Et en effet, joignant le geste à cette sourde menace, au moment où La Mole se penchait vers lui, Coconnas fit jaillir de dessous ses draps l’éclair d’une lame; mais l’effort que le Piémontais fit en se soulevant brisa ses forces: le bras étendu vers La Mole s’arrêta à moitié chemin, le poignard échappa à sa main débile, et le moribond retomba sur son oreiller.
– Allons, allons, murmura La Mole en soulevant doucement sa tête et en approchant une tasse de ses lèvres, buvez cela, mon pauvre camarade, car vous brûlez.
C’était en effet une tasse que La Mole présentait à Coconnas, et que celui-ci avait prise pour ce poing menaçant dont s’était effarouché le cerveau vide du blessé.

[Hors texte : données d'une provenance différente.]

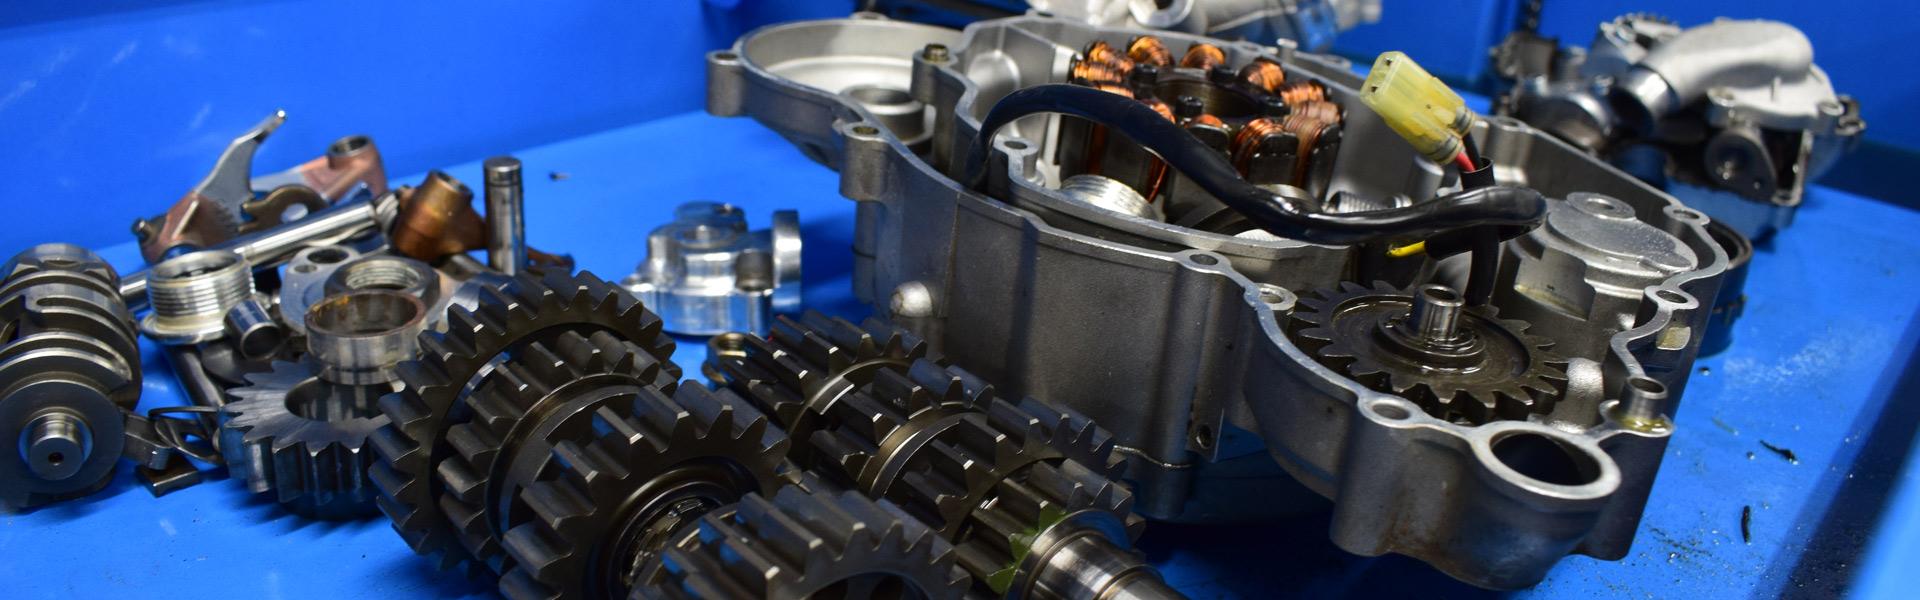 Onderhoud en reparatie bij SMX Racing

Mais, au contact velouté de la liqueur bienfaisante humectant ses lèvres et rafraîchissant sa poitrine, Coconnas reprit sa raison ou plutôt son instinct: il sentit se répandre en lui un bien-être comme jamais il n’en avait éprouvé; il ouvrit un œil intelligent sur La Mole, qui le tenait entre ses bras et lui souriait, et, de cet œil contracté naguère par une fureur sombre, une petite larme imperceptible roula sur sa joue ardente, qui la but avidement.
– Mordi! murmura Coconnas en se laissant aller sur son traversin, si j’en réchappe, monsieur de la Mole, vous serez mon ami.

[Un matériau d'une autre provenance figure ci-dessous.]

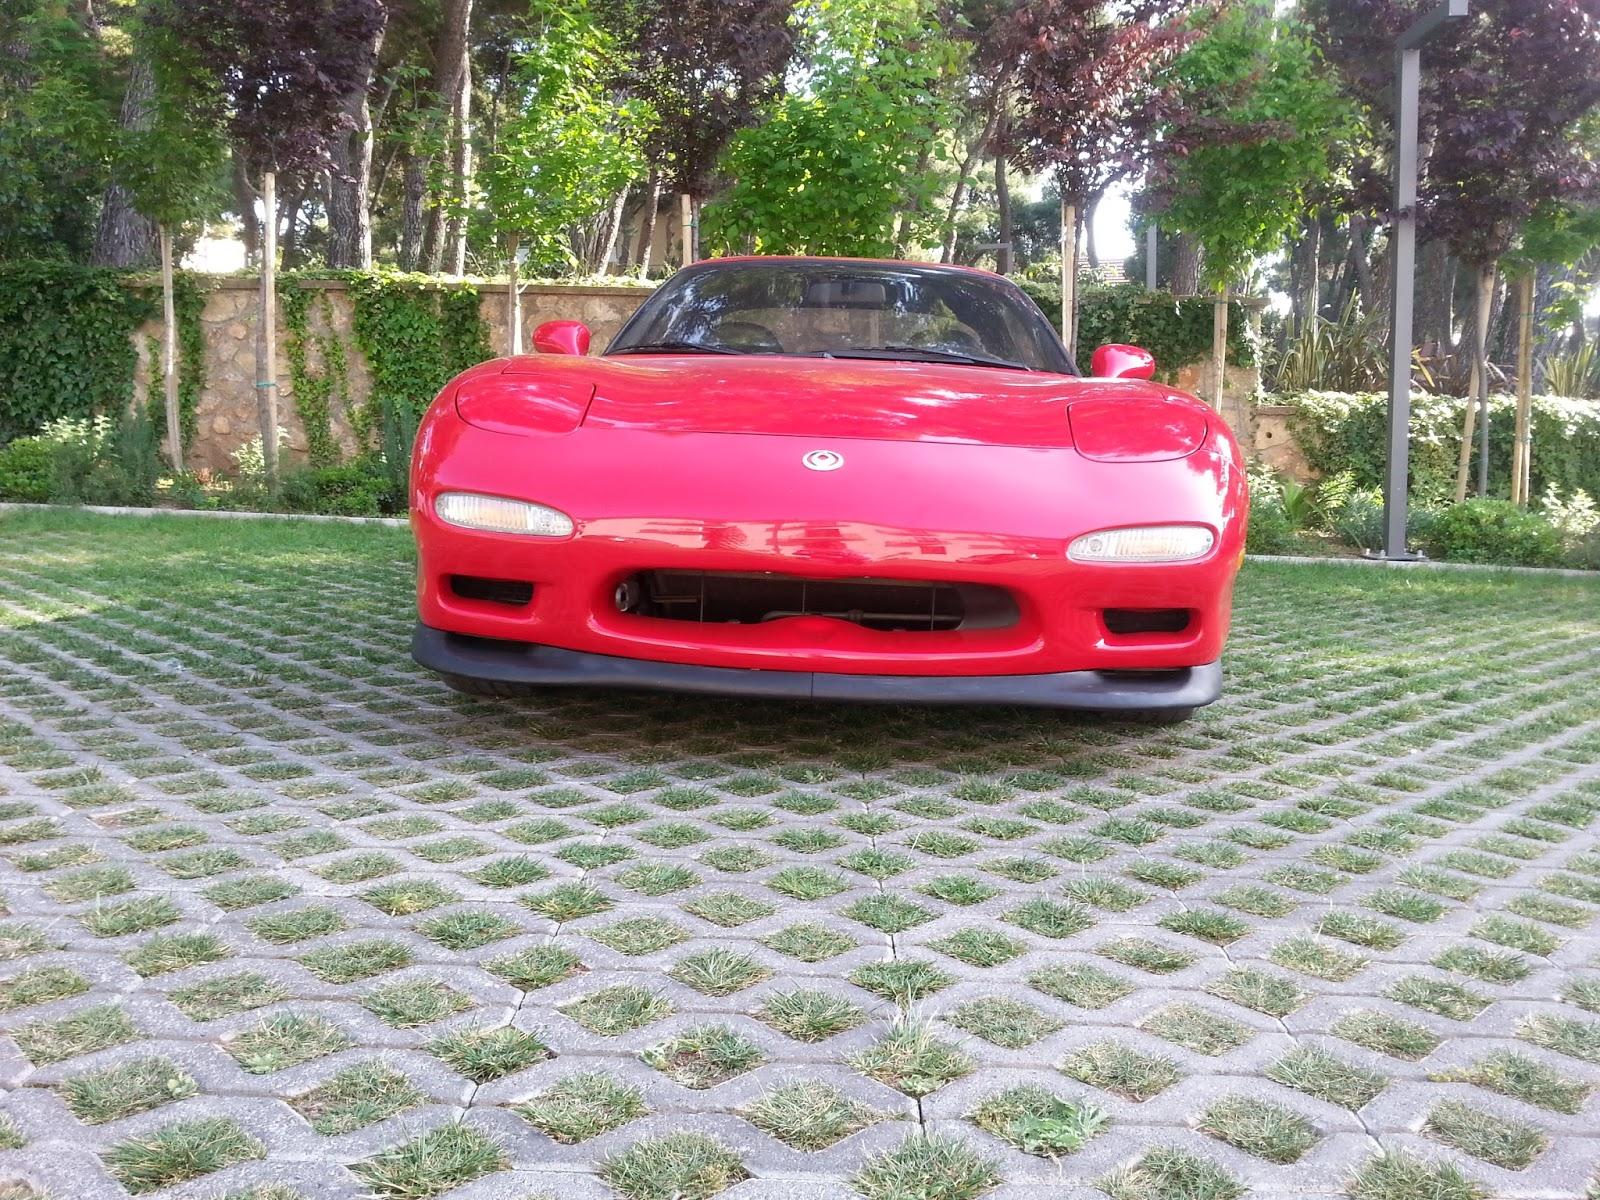 17 Όταν οδήγησα ένα καινούριο Mazda RX-7 Mazda, Mazda RX-7, TEST, zblog, αυτοκίνητα, ΔΟΚΙΜΕΣ, καινούρια, μεταχειρισμένα, οδηγούμε

– Et vous en réchapperez, mon camarade, dit La Mole, si vous voulez boire trois tasses comme celle que je viens de vous donner, et ne plus faire de vilains rêves.
Une heure après, La Mole, constitué en garde-malade et obéissant ponctuellement aux ordonnances du docteur inconnu, se leva une seconde fois, versa une seconde portion de la liqueur dans une tasse, et porta cette tasse à Coconnas. Mais cette fois le Piémontais, au lieu de l’attendre le poignard à la main, le reçut les bras ouverts, et avala son breuvage avec délices, puis pour la première fois s’endormit avec tranquillité.

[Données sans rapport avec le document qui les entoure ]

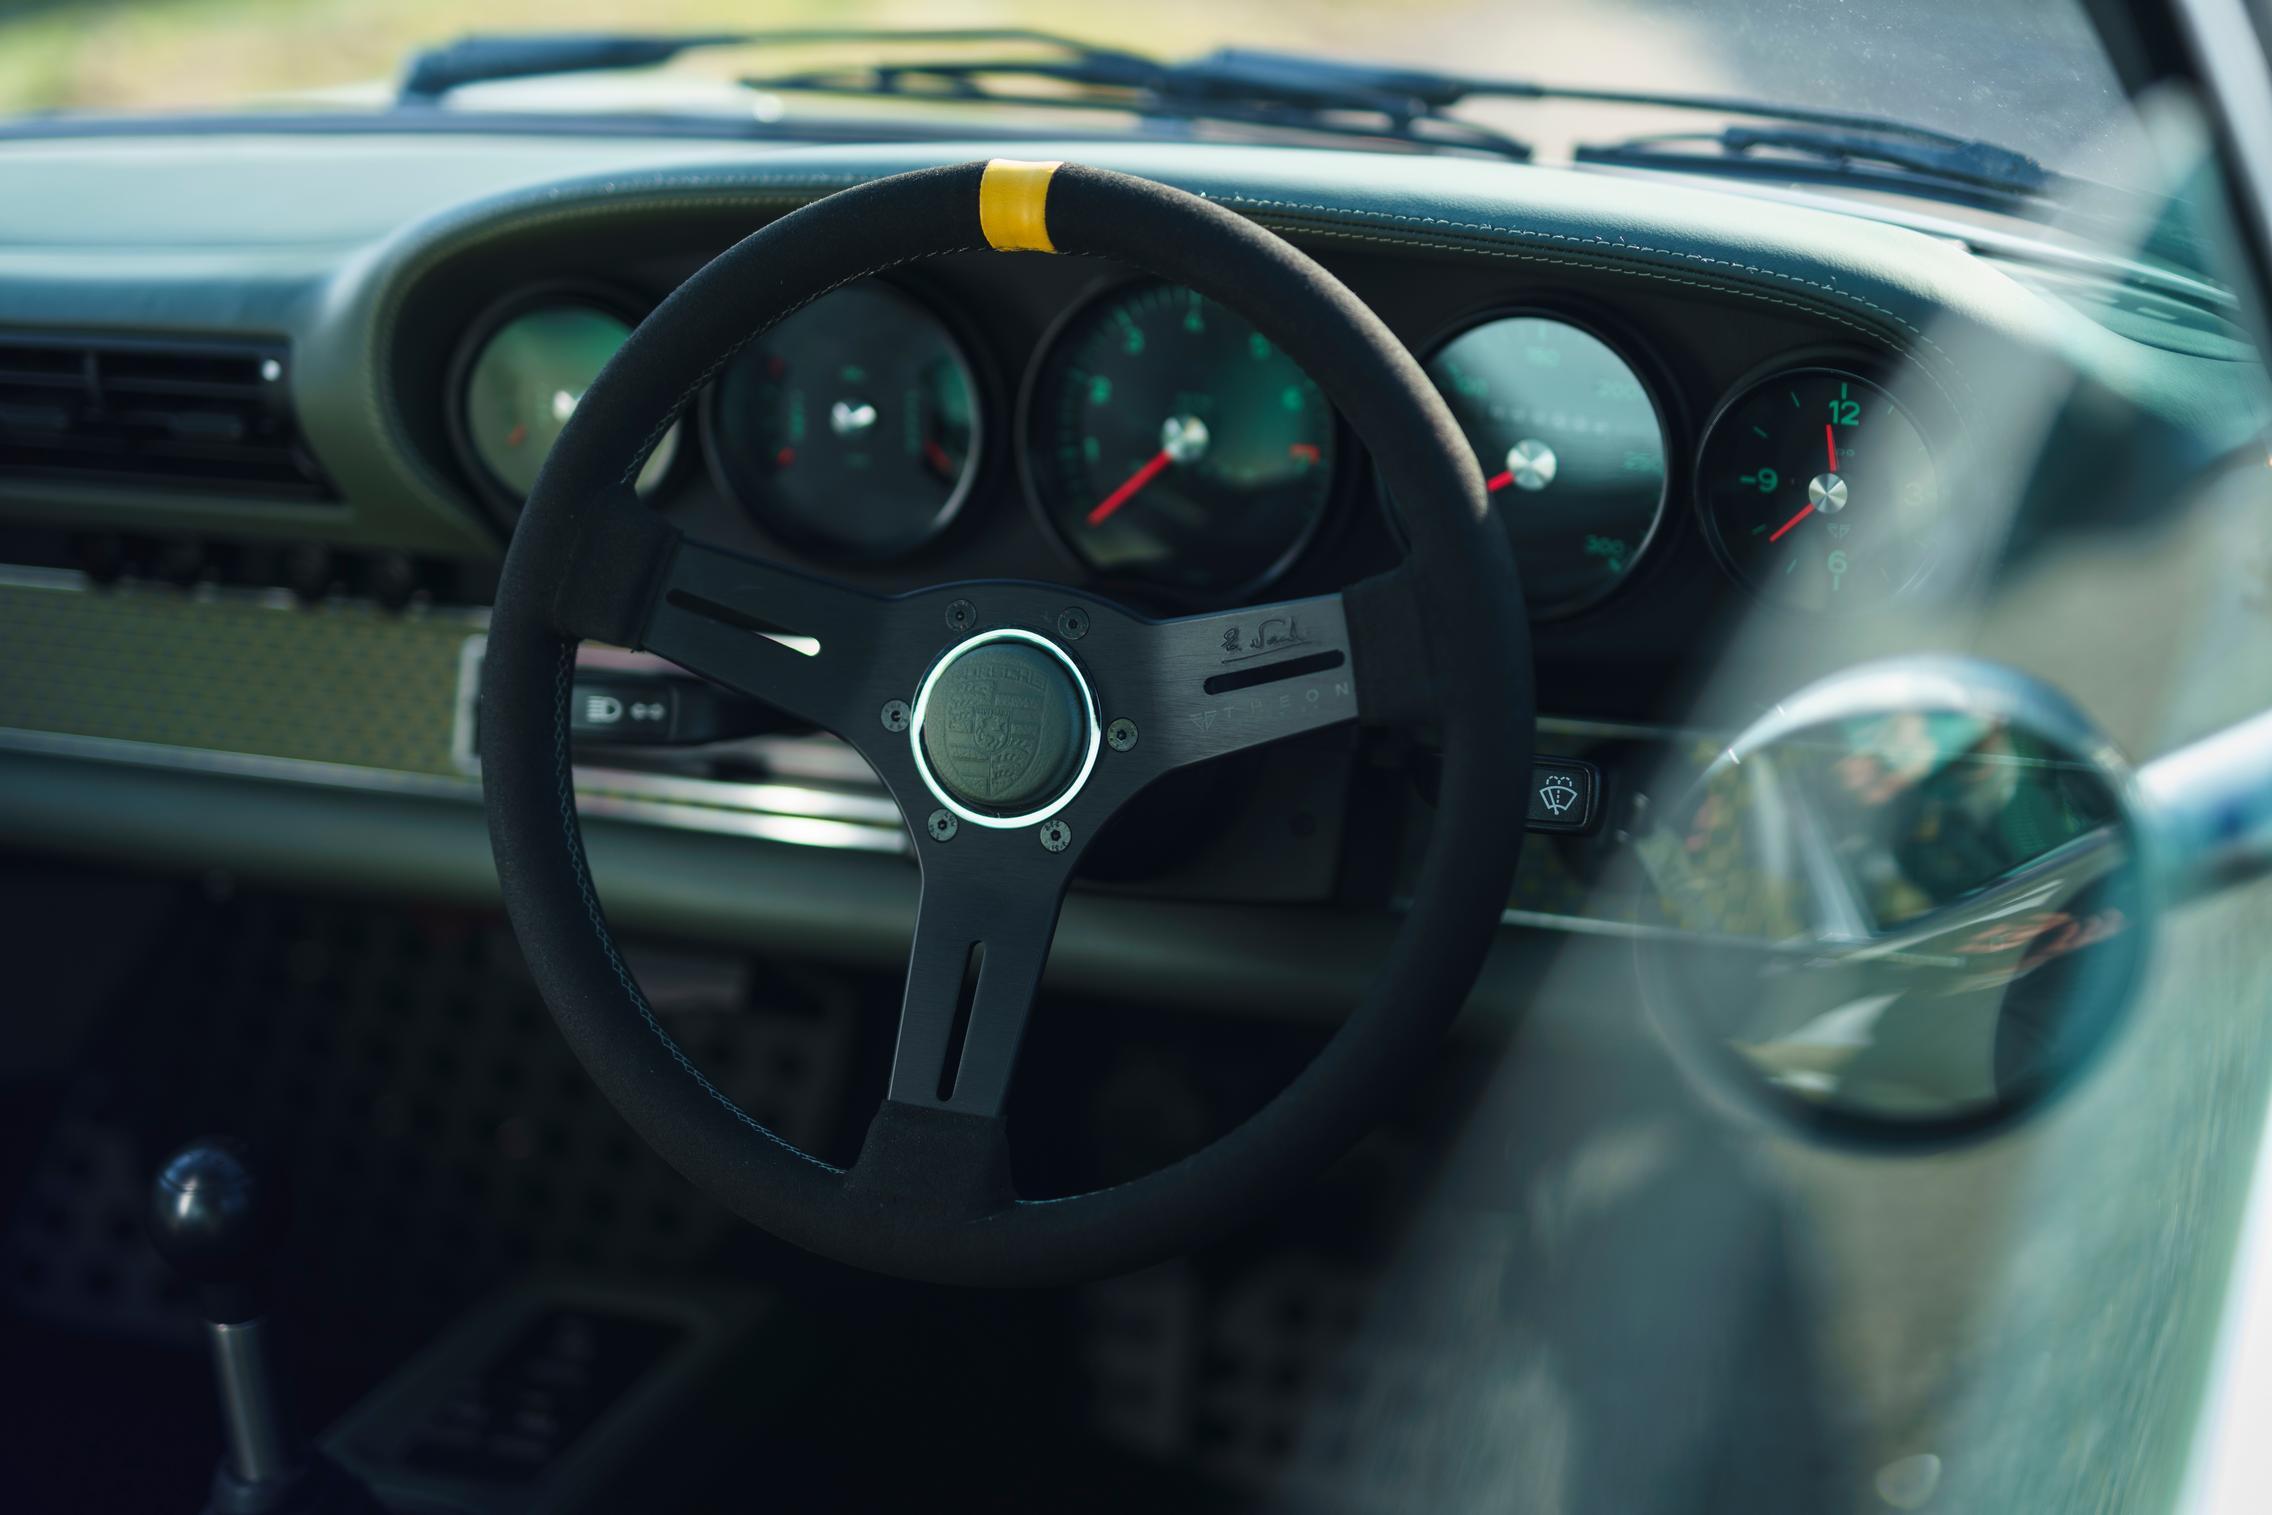 Porsche 964 steering wheel

La troisième tasse eut un effet non moins merveilleux. La poitrine du malade commença de laisser passer un souffle régulier, quoique haletant encore. Ses membres raidis se détendirent, une douce moiteur s’épandit à la surface de la peau brûlante; et lorsque le lendemain maître Ambroise Paré vint visiter le blessé, il sourit avec satisfaction en disant:
– À partir de ce moment je réponds de M. de Coconnas, et ce ne sera pas une des moins belles cures que j’aurai faites.
Il résulta de cette scène moitié dramatique, moitié burlesque, mais qui ne manquait pas au fond d’une certaine poésie attendrissante, eu égard aux mœurs farouches de Coconnas, que l’amitié des deux gentilshommes, commencée à l’auberge de la Belle-Étoile, et violemment interrompue par les événements de la nuit de la Saint-Barthélemy, reprit dès lors avec une nouvelle vigueur, et dépassa bientôt celles d’Oreste et de Pylade de cinq coups d’épée et d’un coup de pistolet répartis sur leurs deux corps.
Quoi qu’il en soit, blessures vieilles et nouvelles, profondes et légères, se trouvèrent enfin en voie de guérison.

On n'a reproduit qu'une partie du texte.